Readers of the book will know of my fascination with ant traffic. That’s why it was a special pleasure in Trinidad, while out walking in the forest, to run across massive streams of leaf-cutter ants. Occasionally, I would glance down to look at something on the ground, only to discern the slow movement of small macerated bits of leaf glinting as they were ferried by apparently quite strong individual ants. The leaf bits are used as compost to create a harvested fungus that sustains, and is sustained by, the ants. Exposed roots were favorite “road” surfaces, but the most astonishing thing was to look off the human trail and see the trails that the ants were emerging from — a few inches of ground cleared from the forest floor by the indefatigable six-legged march of massive ant colonies.
When I returned home, I was particularly excited to find in the mail the new book by E.O. Wilson and Bert Holldobler, “The Superorganism: The Beauty, Elegance, and Strangeness of Insect Societies.” The book, which updates and expands upon their canonical tome The Ants, is a sheer delight. The photos alone would be worth the price of admission.
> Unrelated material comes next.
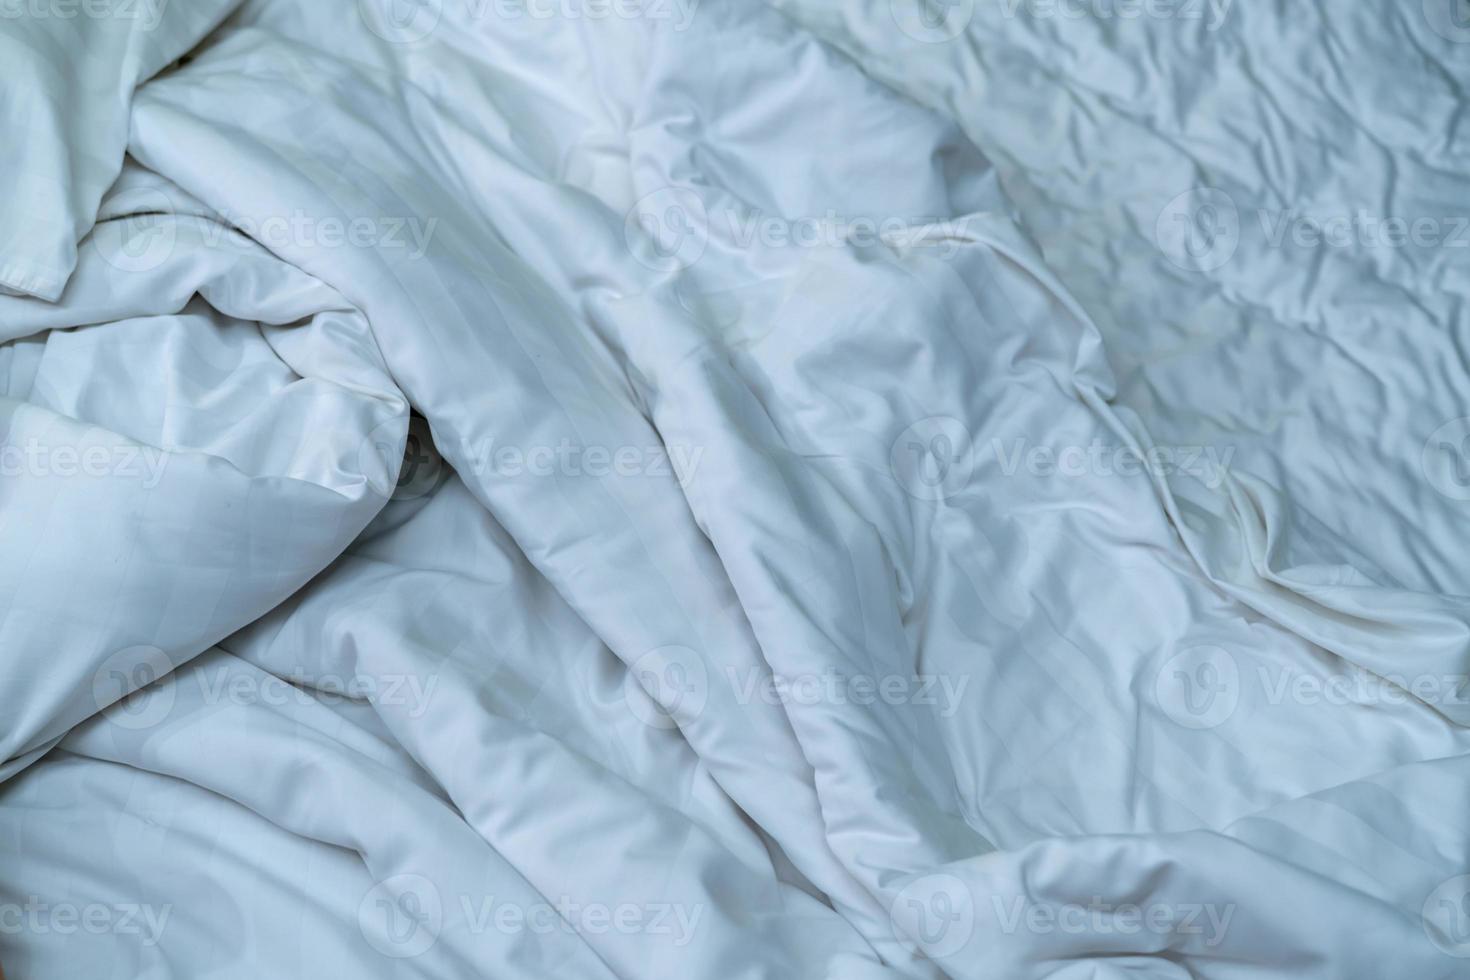 White linen blanket in hotel bedroom. Close up detail of messy white blanket after waking up in morning. Comfortable bed with soft white duvet. Sleep tight with good quality bedding household concept. photo
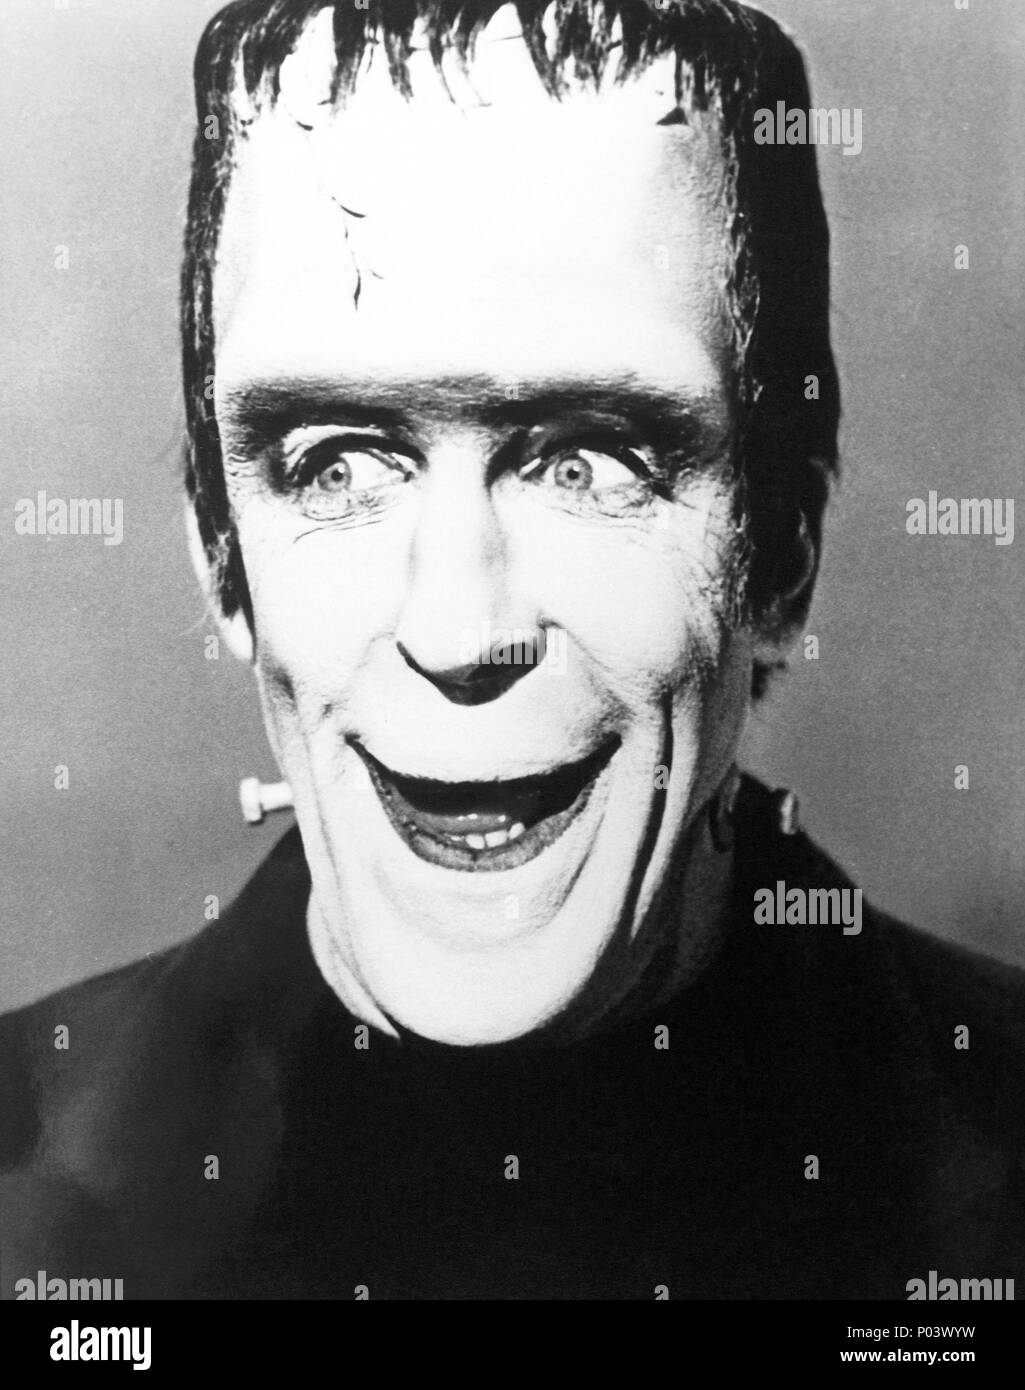 Original Film Title: THE MUNSTERS.  English Title: THE MUNSTERS.  Year: 1964.  Stars: FRED GWYNNE. Credit: CBS/MCA/UNIVERSAL / Album Stock Photo

In a section on the trail construction and formation of leaf-cutter ants, I was struck by this passage:
“In most cases, [the trails] are deeply engraved into the ground and conspicuous even to the most casual observer. They are retained for months or years. Even when abandoned for a time, they are commonly used again by the ants. Serving as the superhighways of the Atta colonies, they are continuously cleaned of invading vegetation and other obstacles by ‘road workers.’ The trunk route system enhances foraging speed four- to tenfold compared with that on uncleared ground.”
I rather imagine tiny ant workers, dressed in DOT orange vests, clearing debris (I’m actually not sure if there’s a special caste in the ant society that clears debris, or if everyone pitches in). This is of course a direct parallel to the whole idea of “incident management” in improving human traffic flow during peak periods; one stalled vehicle can seriously compromise the flow of a system, hence each additional minute it takes to clear means that much more congestion buildup (I’m not sure, Another parallel might be to imagine the trails as major, restricted access highways, and the uncleared ground as the smaller surface streets, with their traffic lights, double-parked cars, etc. I also learned from the book there is a species known as “driver ants.” Which I what I will know refer to my fellow vehicle operators as.
A few paragraphs on, the authors note another curious fact: The foraging area of an average colony (or “superorganism,” in the authors’ view) is 1.03 hectares, which “happens to be approximately the same ‘ecological footprint,’ or average amount of land utilized to sustain one person, in developing countries.”